**HOW TO COMPLETE THIS TASK:** Would you repeat the listing exactly, without any of its images?

**SOURCE DATA:**
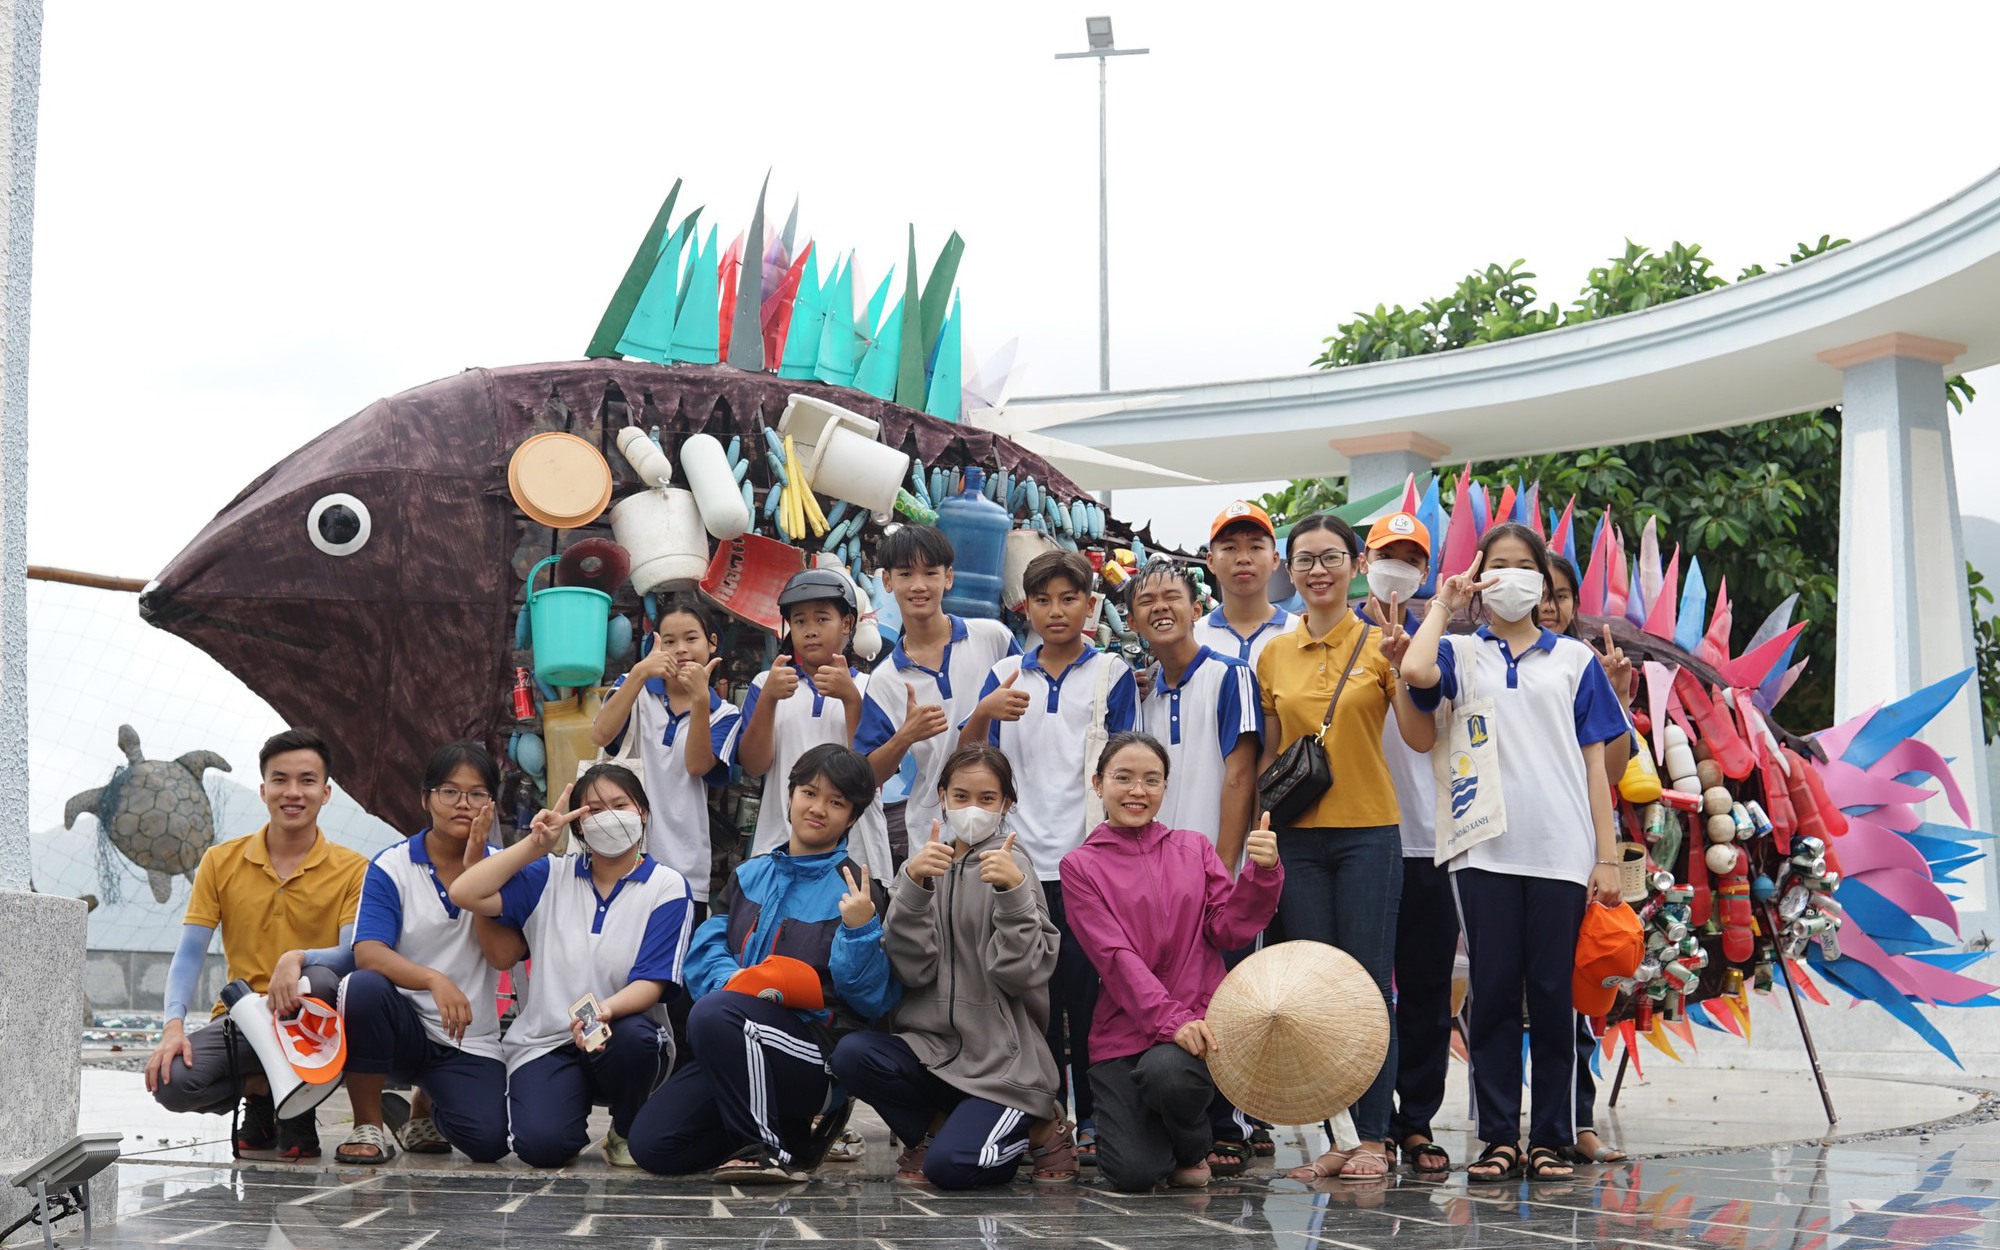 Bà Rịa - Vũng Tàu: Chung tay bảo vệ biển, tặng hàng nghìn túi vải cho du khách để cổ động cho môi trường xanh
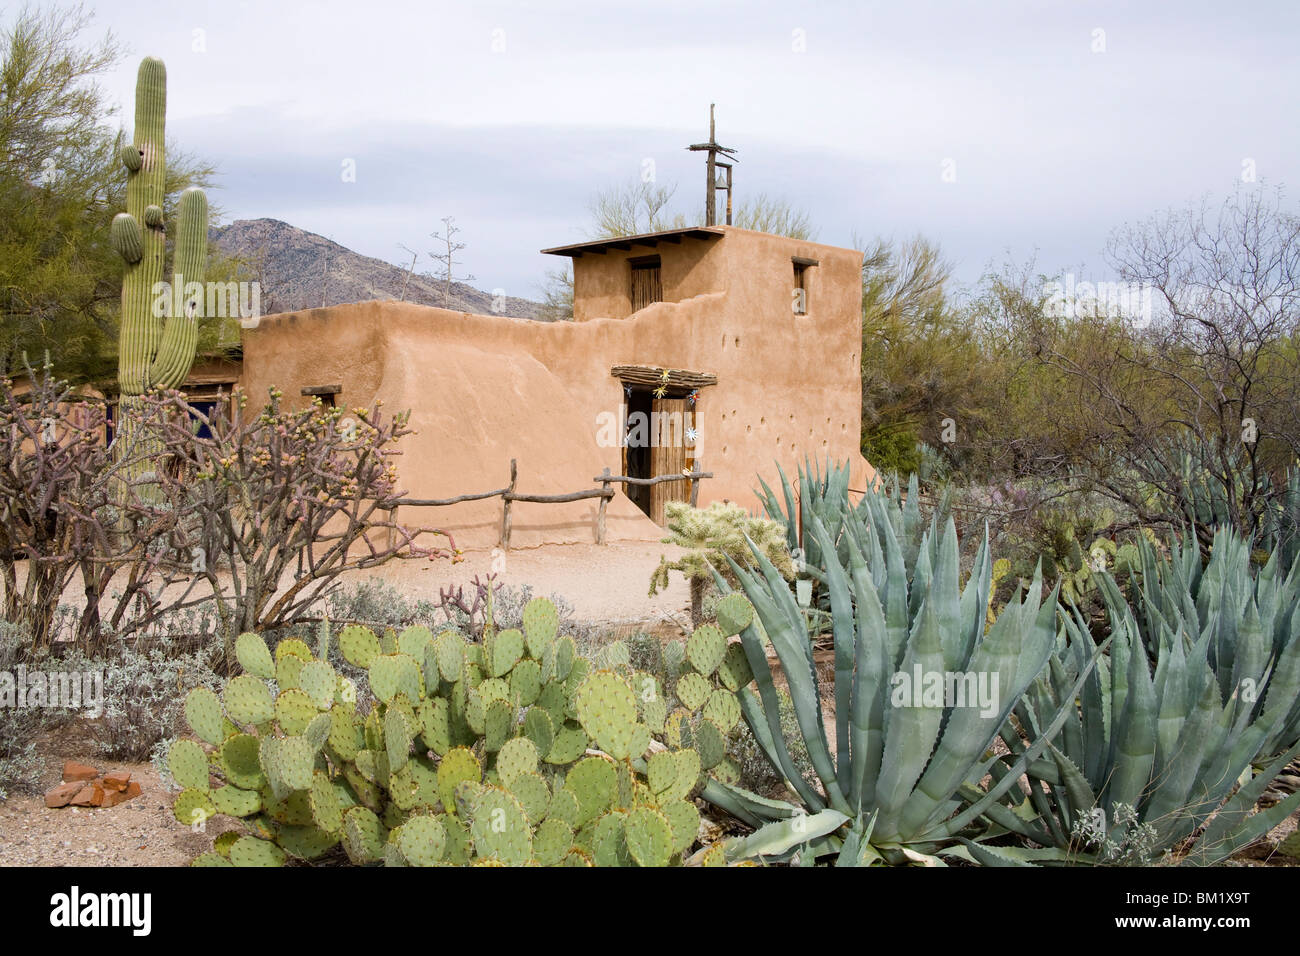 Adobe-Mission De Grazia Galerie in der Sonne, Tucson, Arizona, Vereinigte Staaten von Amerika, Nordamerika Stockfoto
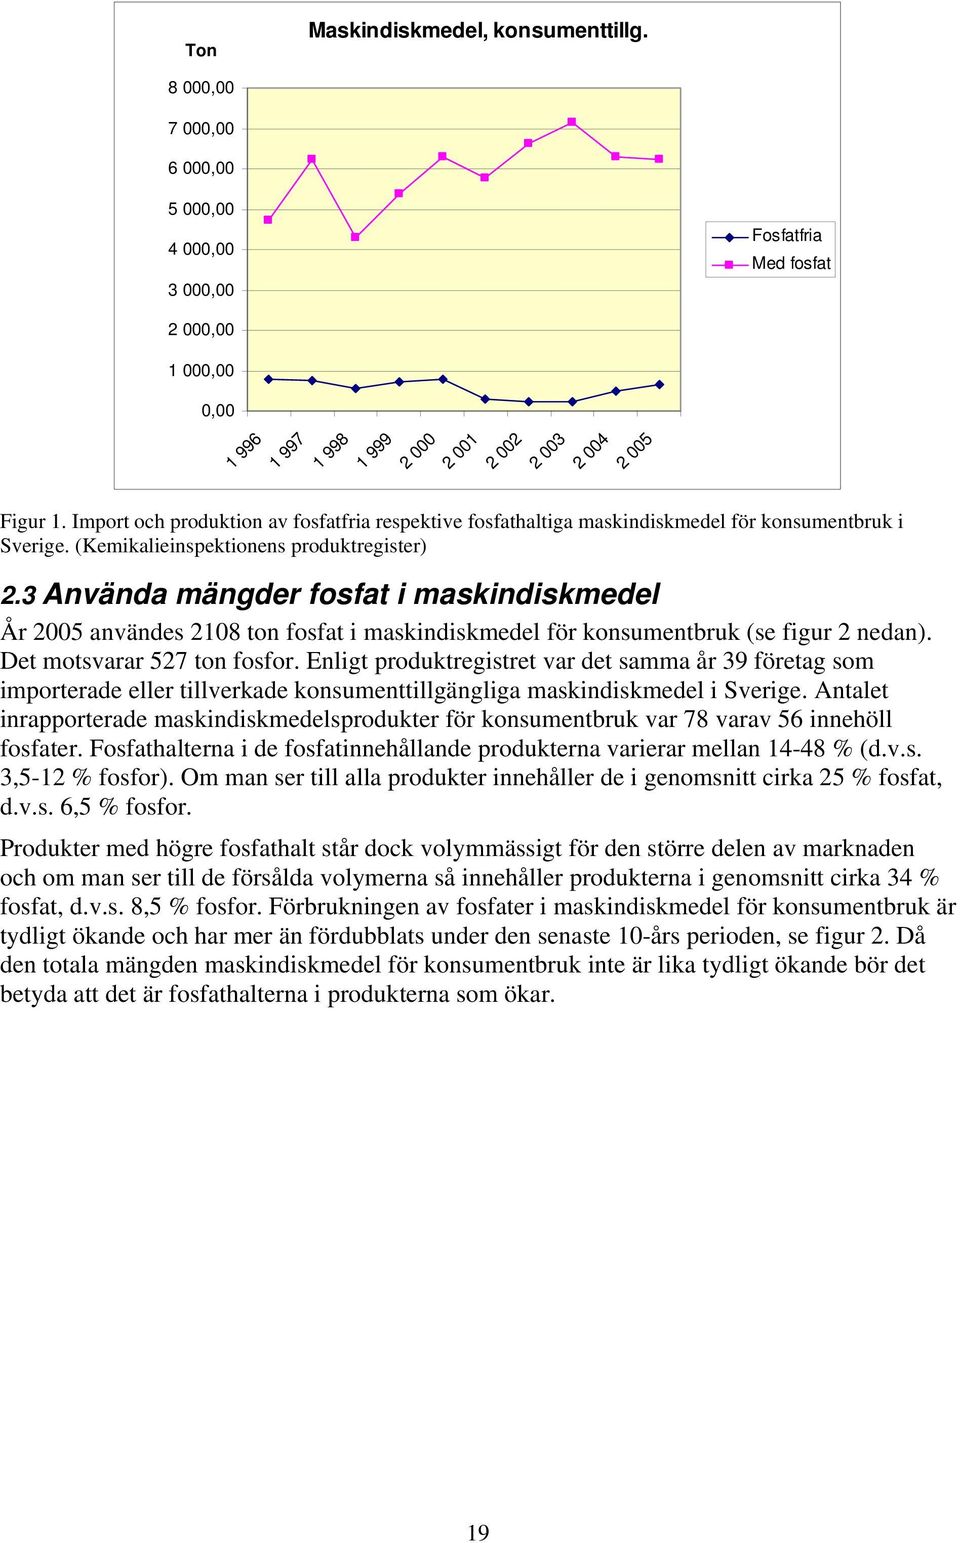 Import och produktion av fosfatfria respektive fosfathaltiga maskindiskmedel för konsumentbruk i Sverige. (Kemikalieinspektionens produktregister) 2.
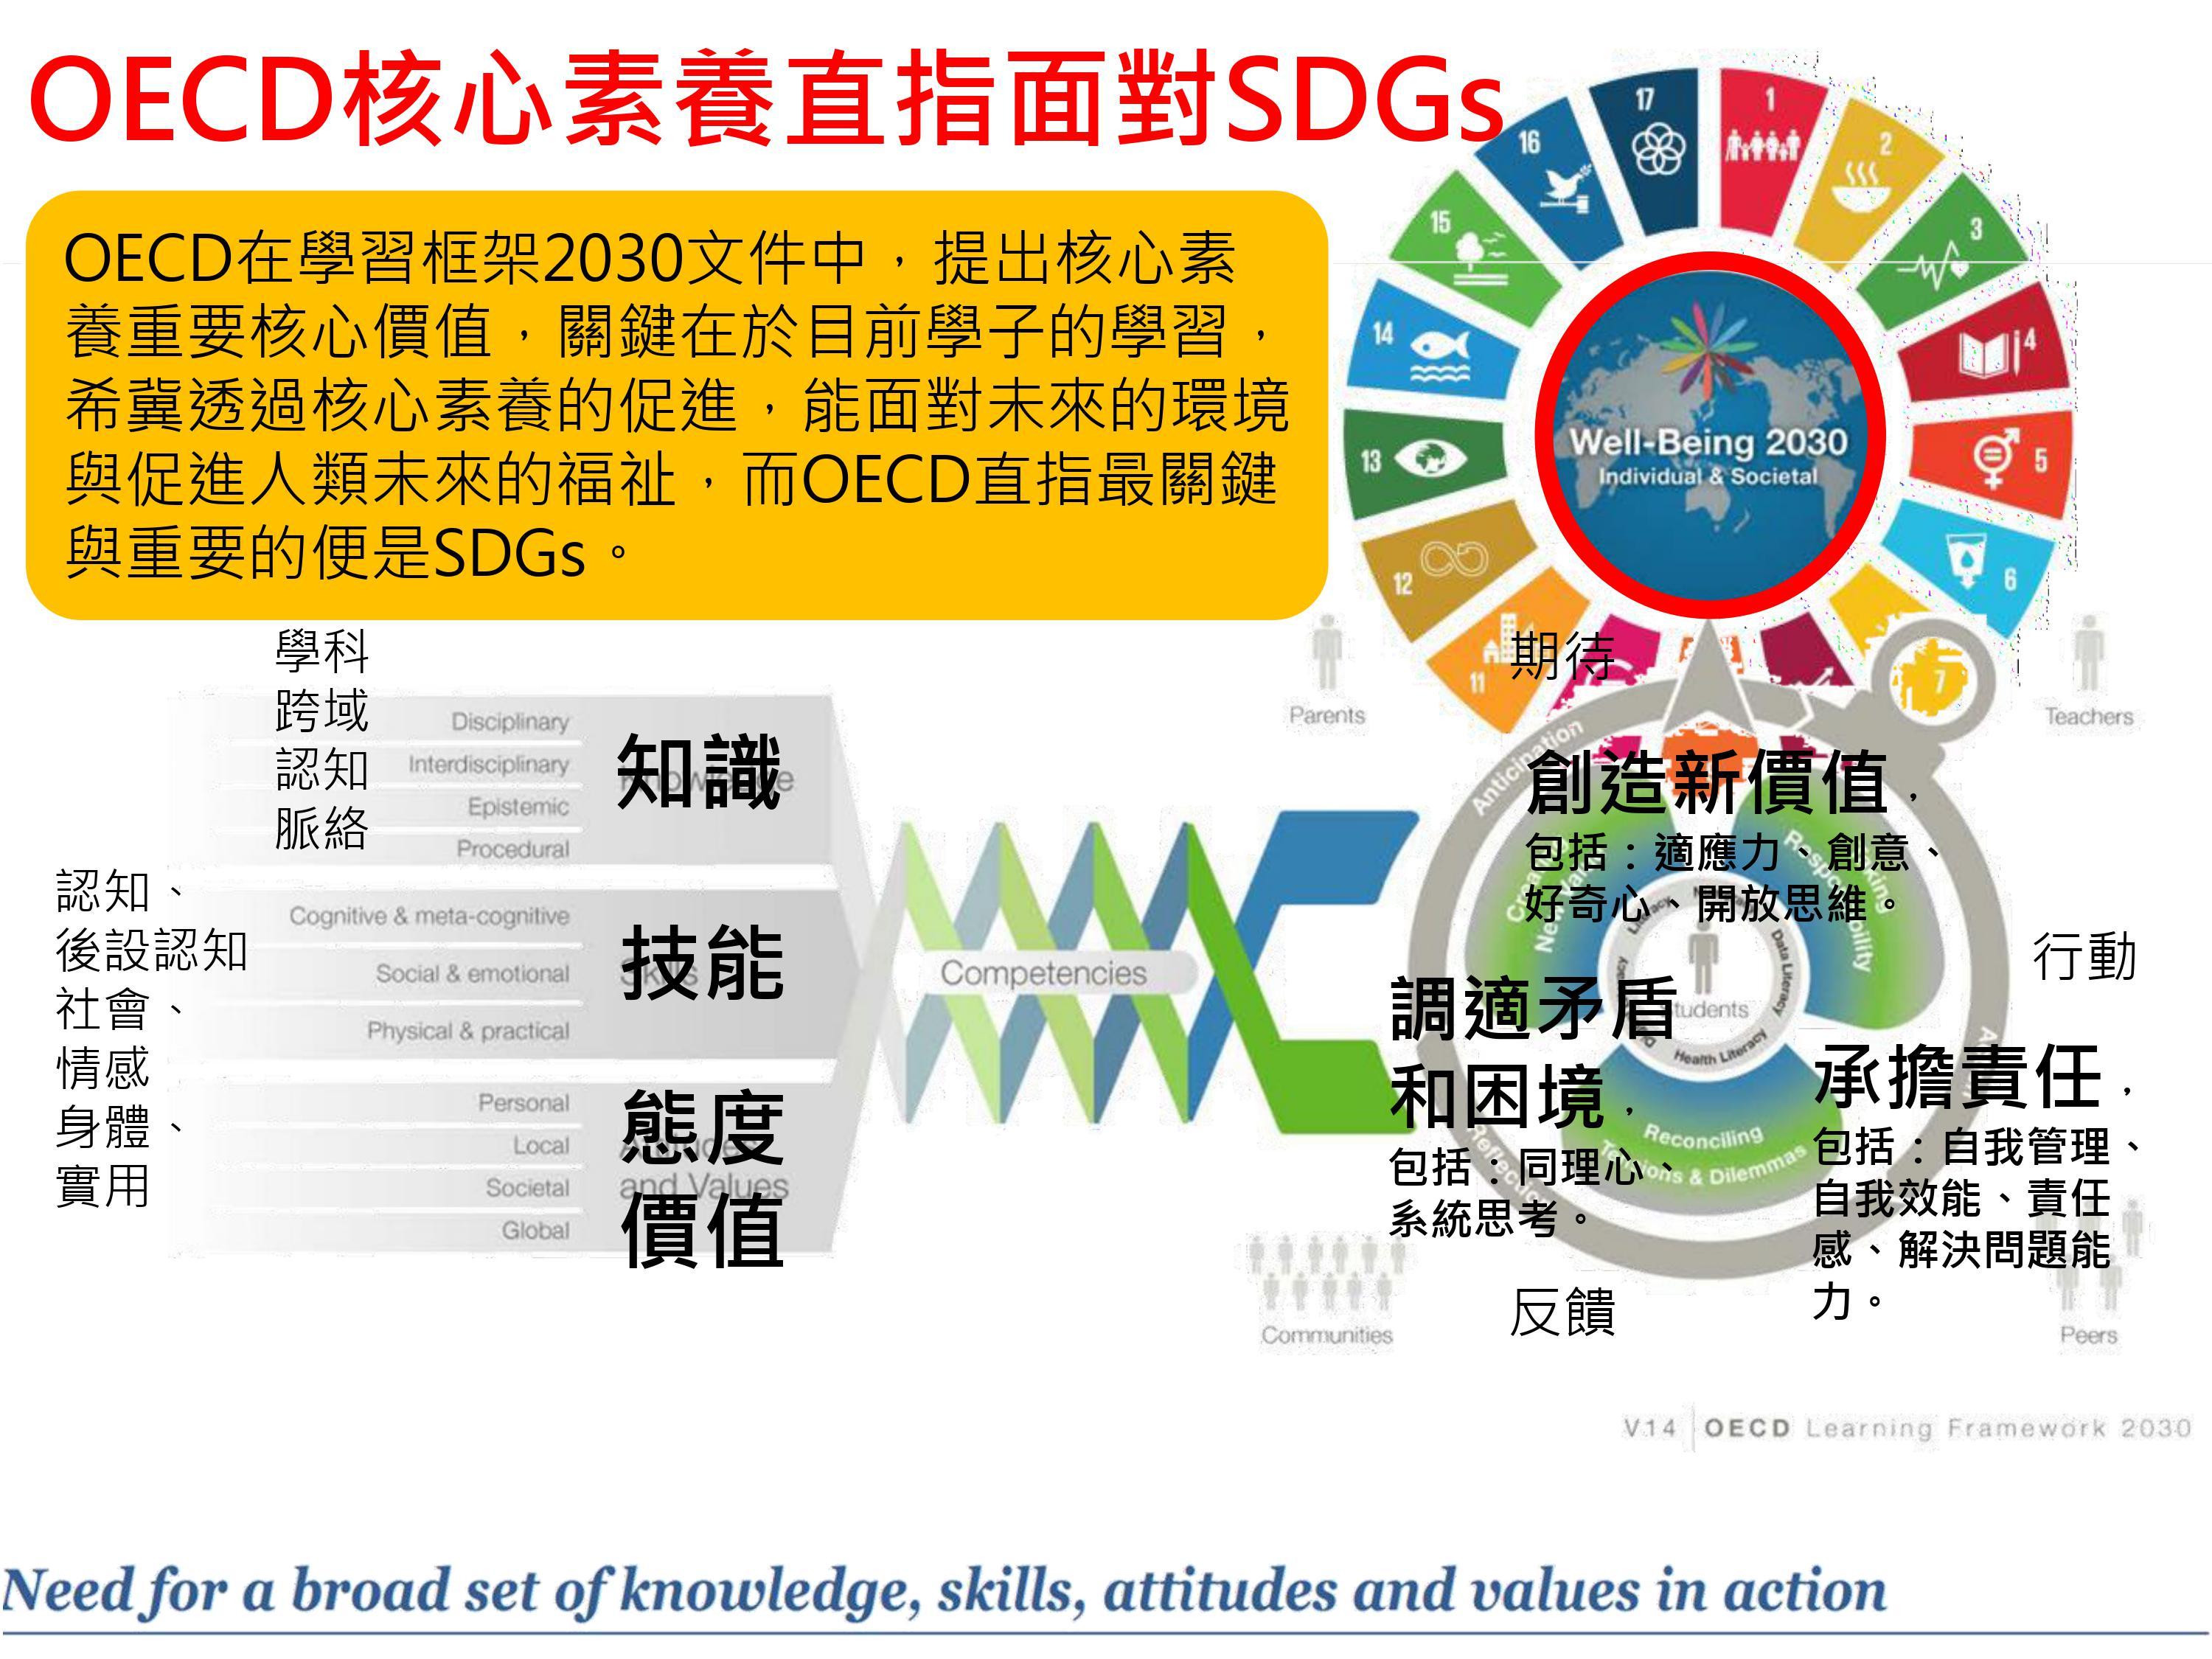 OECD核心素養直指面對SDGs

**WRITTEN REPLY:**
 Bà Rịa - Vũng Tàu: Chung tay bảo vệ biển, tặng hàng nghìn túi vải cho du khách để cổ động cho môi trường xanh
 Adobe-Mission De Grazia Galerie in der Sonne, Tucson, Arizona, Vereinigte Staaten von Amerika, Nordamerika Stockfoto
 Import och produktion av fosfatfria respektive fosfathaltiga maskindiskmedel för konsumentbruk i Sverige. (Kemikalieinspektionens produktregister) 2.
 OECD核心素養直指面對SDGs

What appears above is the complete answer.